The biggest lesson from the Roche engagement was not about dashboards or automation.
It was about execution.
A good insight is not enough. A good recommendation is not enough. If the work cannot be explained clearly, measured, and handed off, it will probably not survive.
The reality of operational work
Operational environments do not reward vague ideas. They reward systems that reduce friction, clarify responsibility, and improve decision-making.
Across the engagement, the work required:
- mapping the real process, not the idealized one
- identifying handoffs and bottlenecks
- understanding why delays and rework happen
- designing automation concepts with exception handling
- creating dashboard views that make operational health visible
- packaging standard operating procedures for handoff
What made the work different
The project was not just analysis. It had to become something usable.
That changed the way I approached each deliverable. Instead of asking “is this interesting?” I had to ask:
- can someone else understand this quickly?

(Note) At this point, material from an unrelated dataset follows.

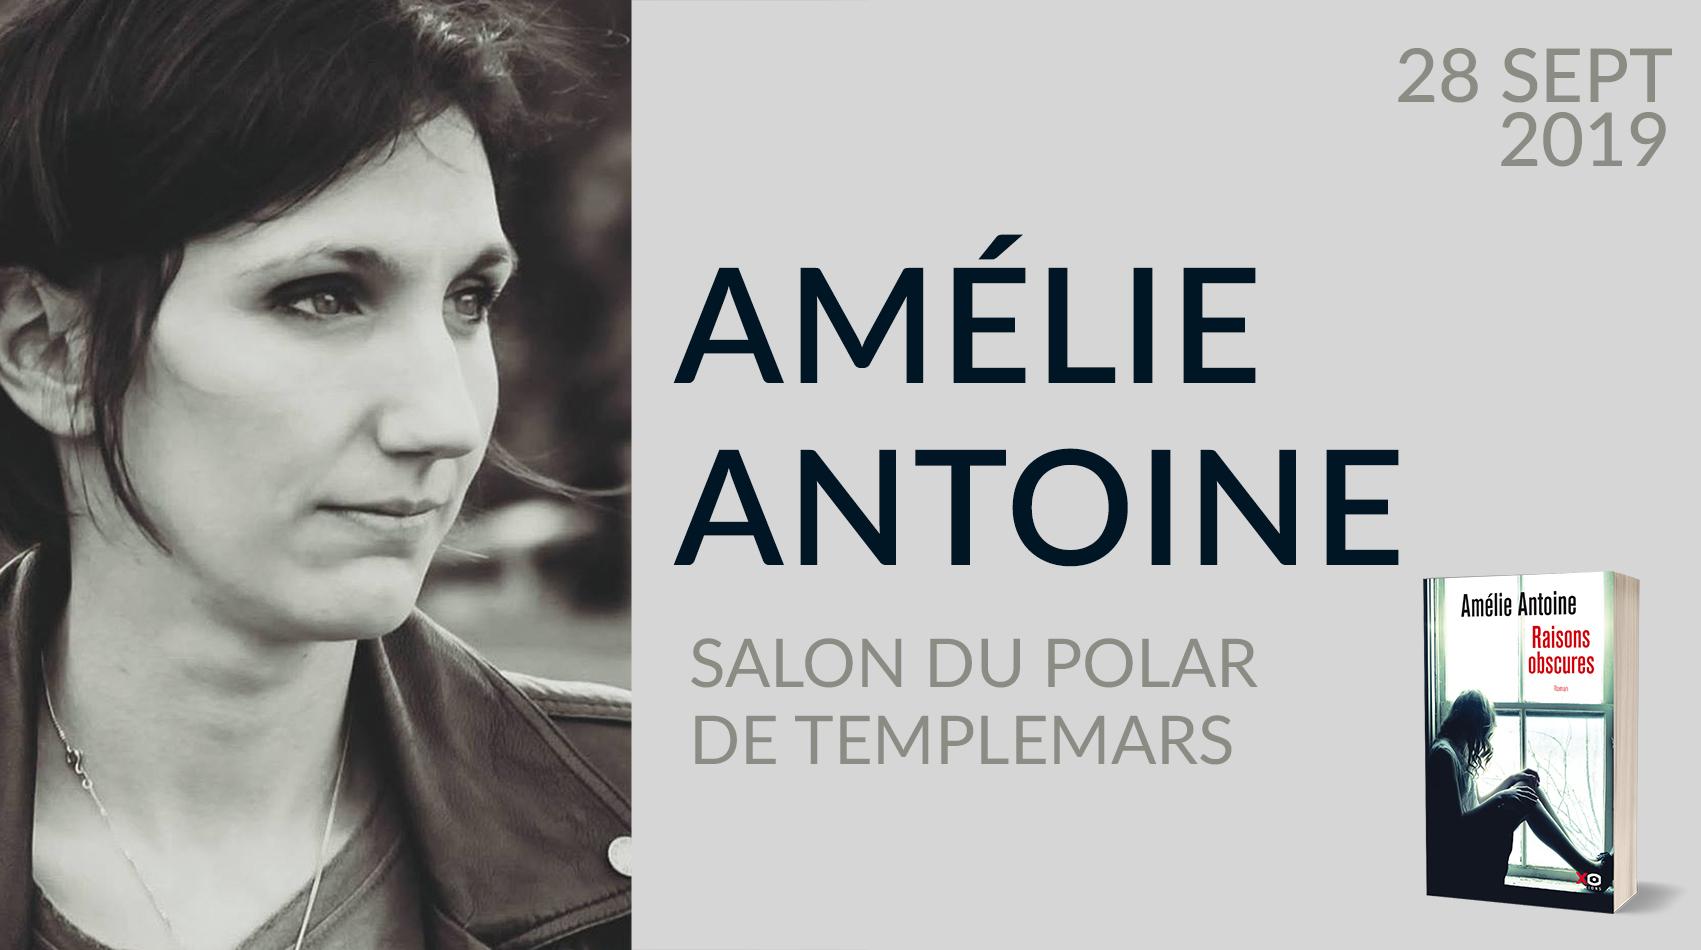 Amélie Antoine à Templemars

- does it map to a real workflow?
- what happens when the normal path breaks?
- what metric would show improvement?
- who owns this after our team leaves?
The product lesson
Every product is also an operational system.
Even a beautiful product fails if users do not know what to do with it, if stakeholders do not trust it, or if the next team cannot maintain it.
That is why the best product work is not just ideation. It is handoff, measurement, and adoption.
What I am taking forward
When I build AI products now, I think more like an operator:
- What is the workflow before the AI?
- What changes after the AI?
- What does the user do next?
- What does success look like?
- What breaks in edge cases?
- How does this survive beyond the builder?
That mindset is going into every product I build next.